**WHAT THE EXERCISE ASKS**
Records follow. Print exactly the lines from the one that has "Hà Nam Khánh" through the one that has "[Hidemaru] Mo-Retsu! Boin", inclusive, and omit the pictures.

**DATASET CONTENT**
- - - -
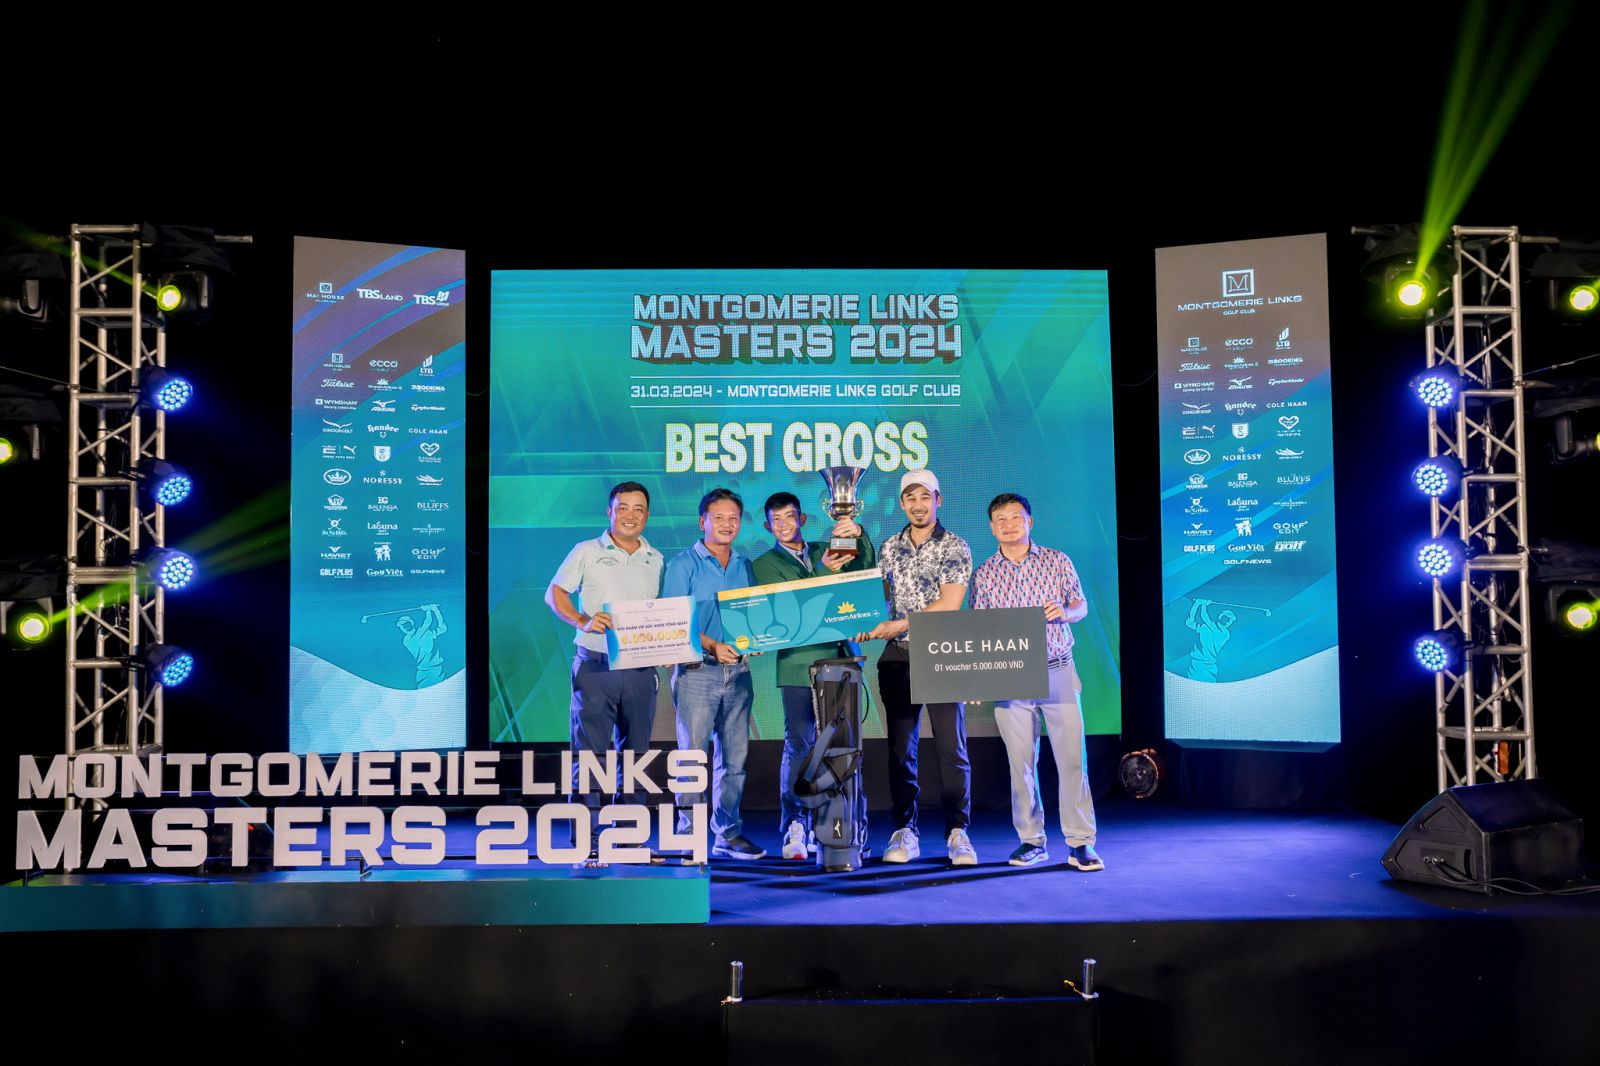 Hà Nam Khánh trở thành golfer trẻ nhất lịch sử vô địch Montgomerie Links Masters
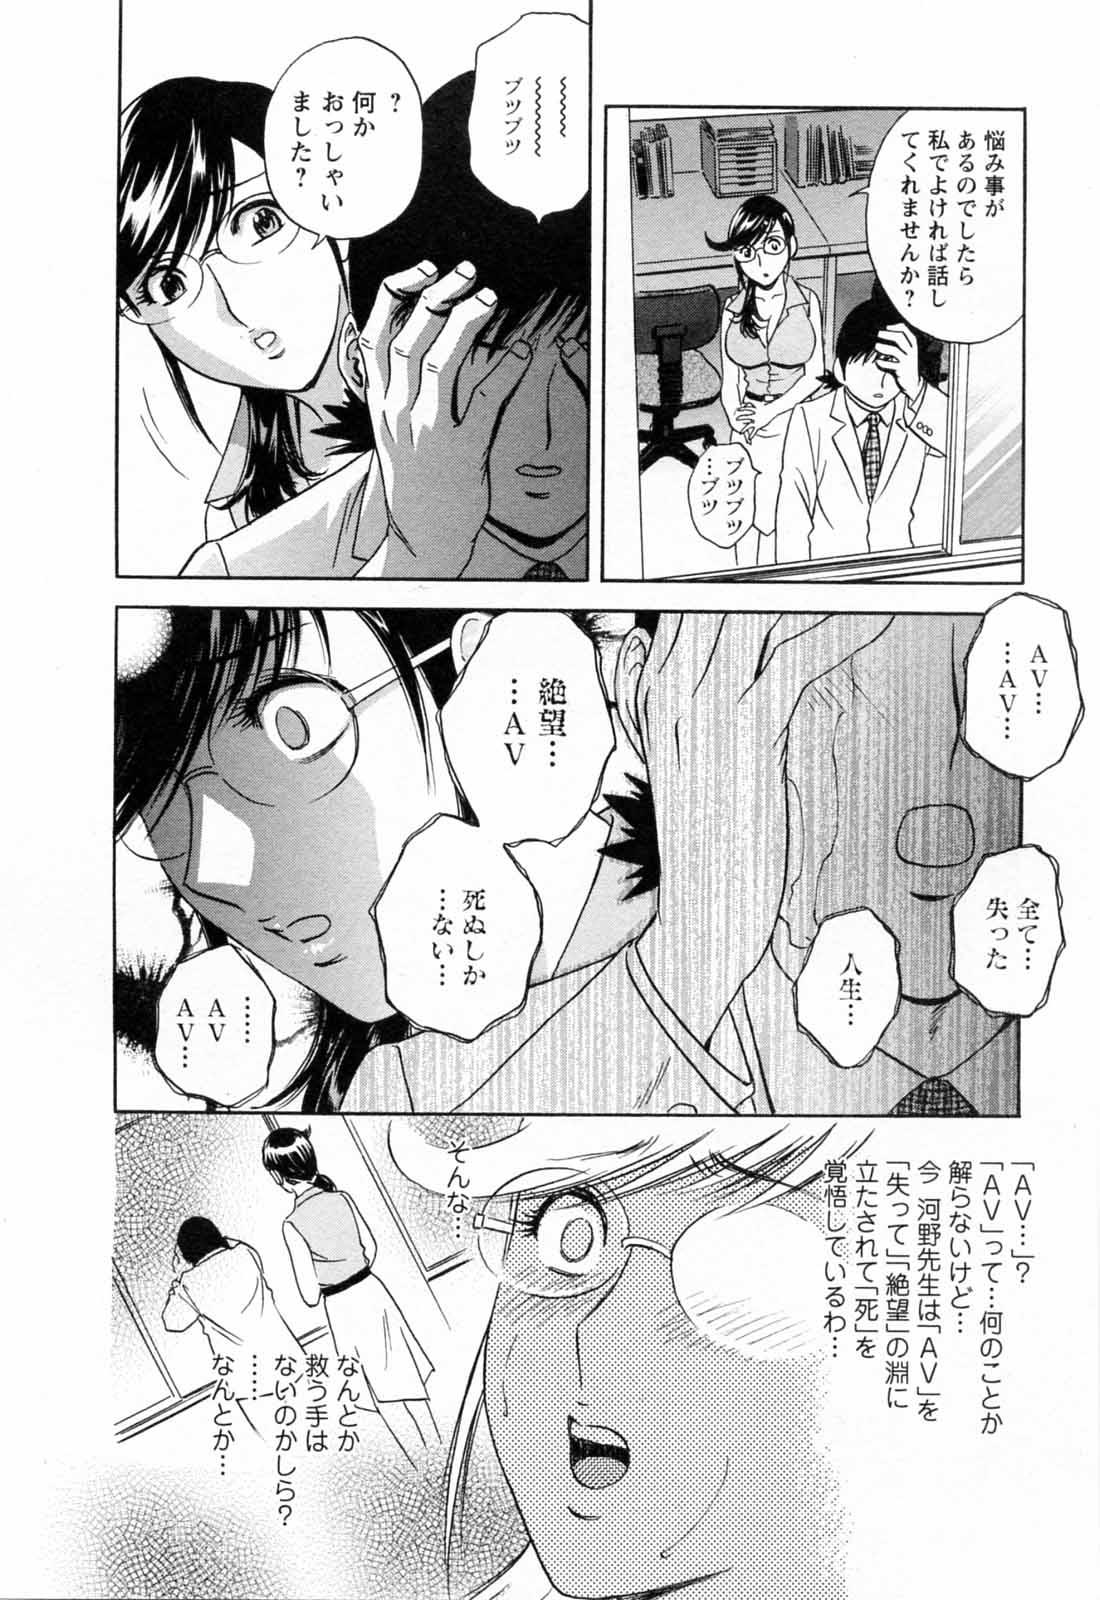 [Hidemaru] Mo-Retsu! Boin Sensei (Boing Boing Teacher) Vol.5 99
- - - -
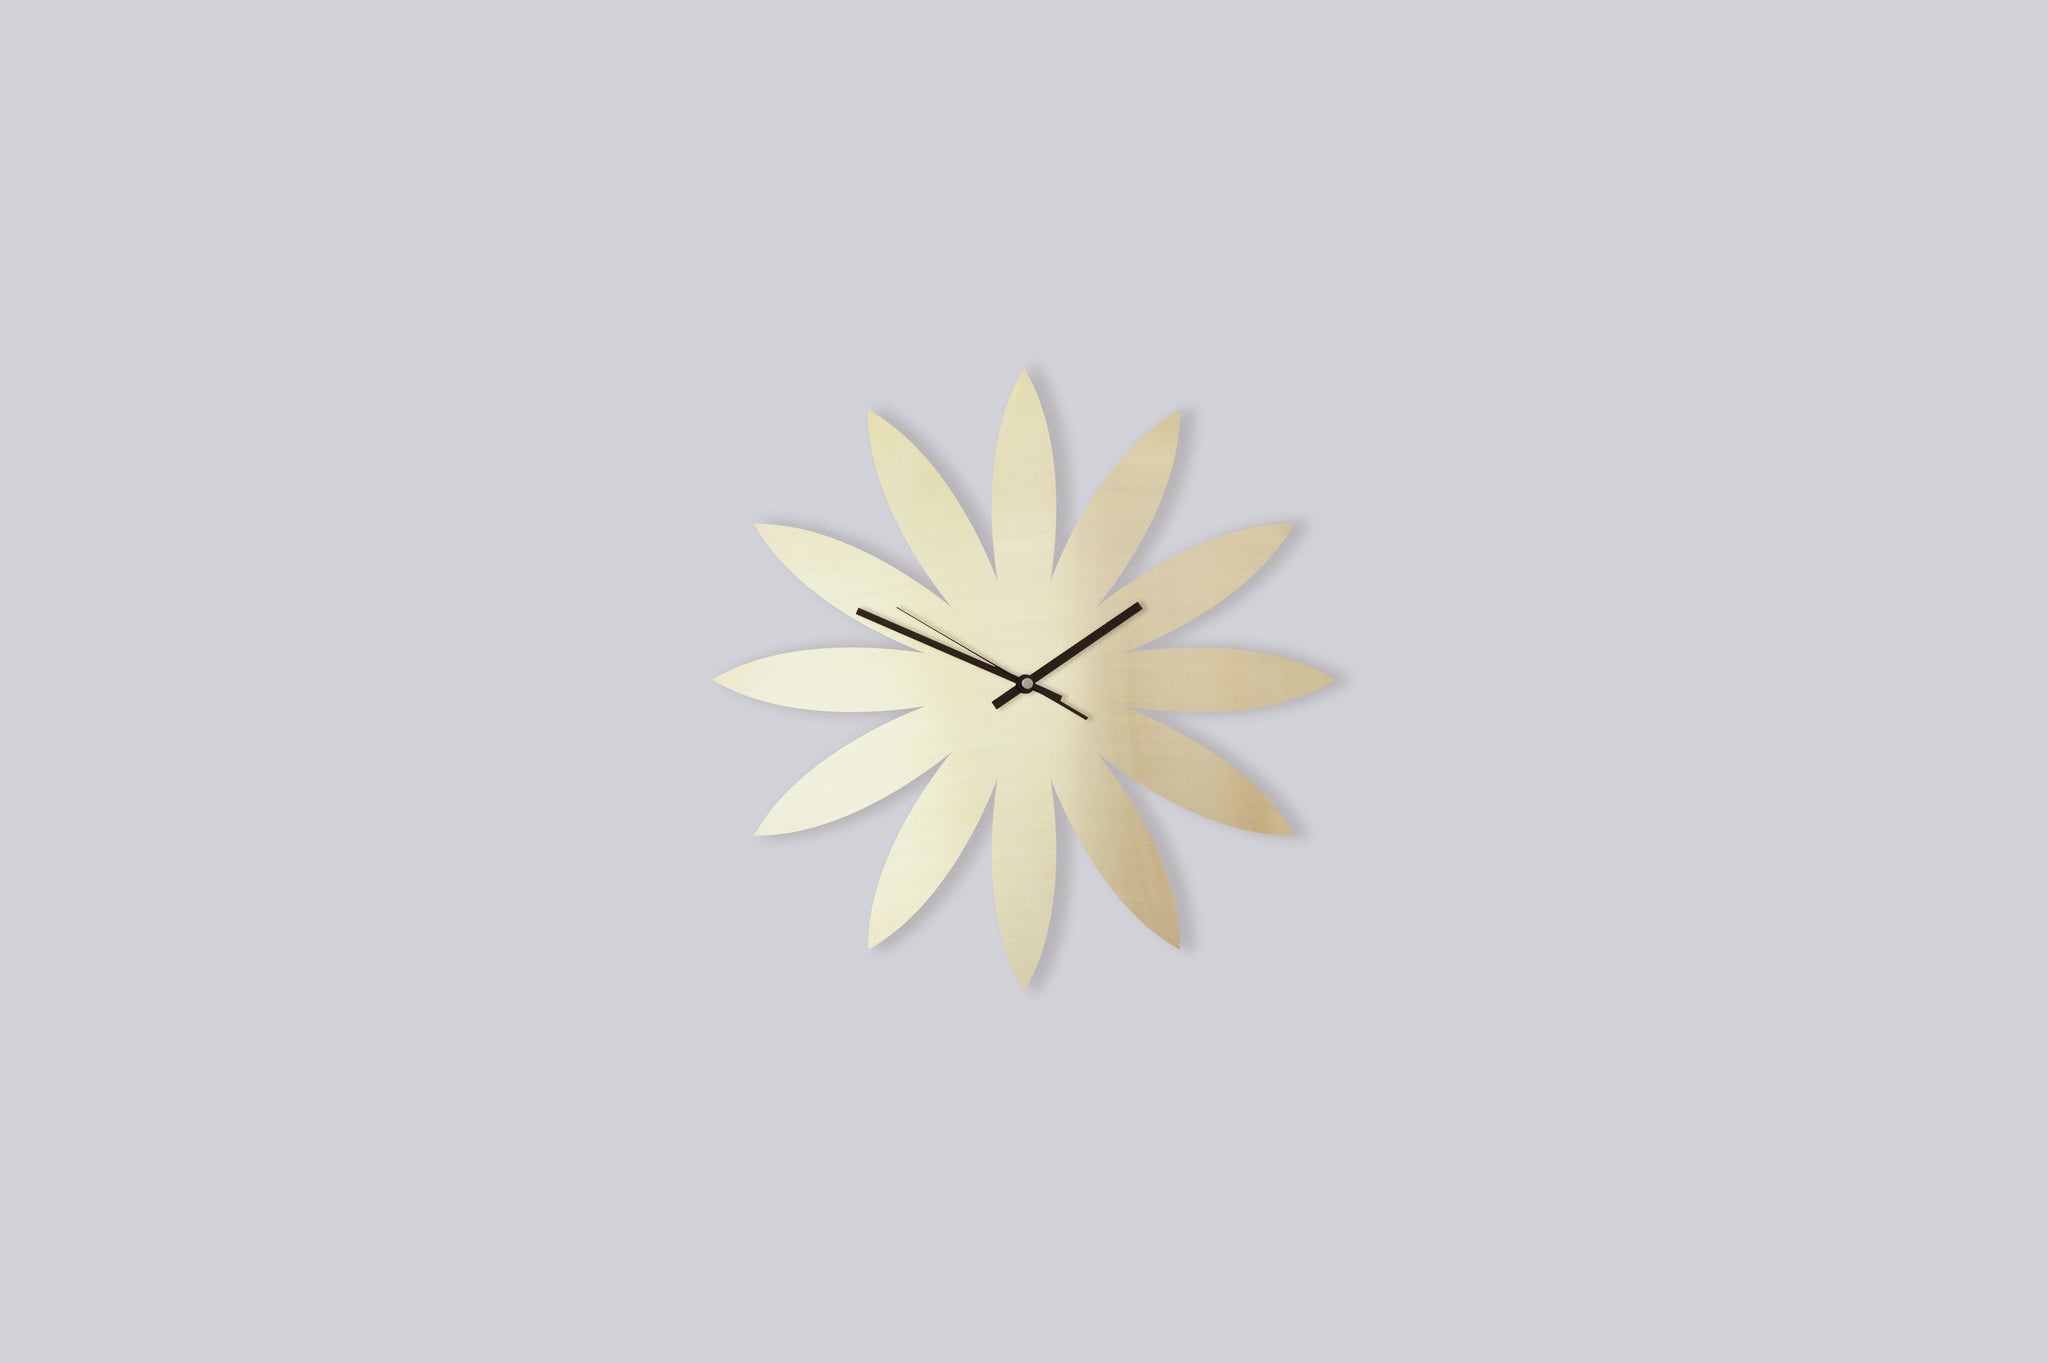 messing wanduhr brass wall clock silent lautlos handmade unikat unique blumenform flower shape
- - - -
**WRITTEN ANSWER**
 Hà Nam Khánh trở thành golfer trẻ nhất lịch sử vô địch Montgomerie Links Masters
 [Hidemaru] Mo-Retsu! Boin Sensei (Boing Boing Teacher) Vol.5 99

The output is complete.